Aleix Espargaro (Pramac Racing Team), 16°Continuo ad avere un po’ di problemi con il carico sull’anteriore come in Qatar. Durante le prove abbiamo modificato un po’ il settaggio ed ho acquisito un po’ di feeling con il tracciato e con la moto, abbassando costantemente il mio tempo sul giro. Purtroppo le prime prove libere continuano ad essere sempre un po’ difficili per me.

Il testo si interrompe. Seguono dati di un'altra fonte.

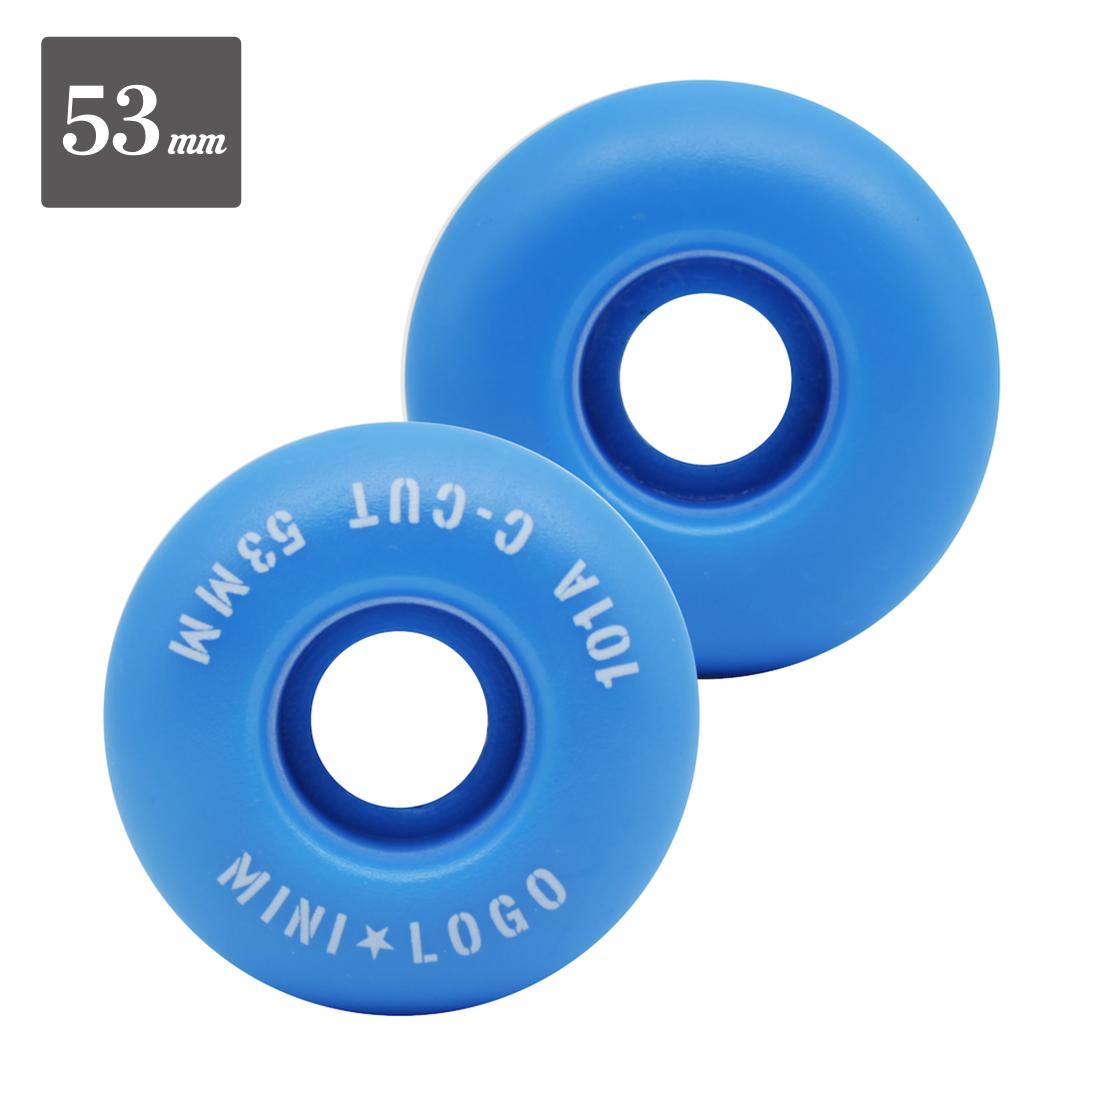 【MINI-LOGO】Wheel

Certo il sedicesimo tempo non è un ottimo risultato, ma considero molto positivo il fatto che ci sia meno di un secondo di gap tra me e il settimo dell’attuale qualifica“. Hiroshi Aoyama (Interwetten Honda MotoGP), 17°Per noi questo turno di prove era un pò come una lezione di scuola. Stiamo cercando di adattare la moto a questa pista e capire meglio la situazione. Sono stato molto attento in sella e abbiamo cambiato diverse cose nel corso della sessione, ma adesso dobbiamo analizzare i dati e vedere come posso riuscire ad esser più veloce“.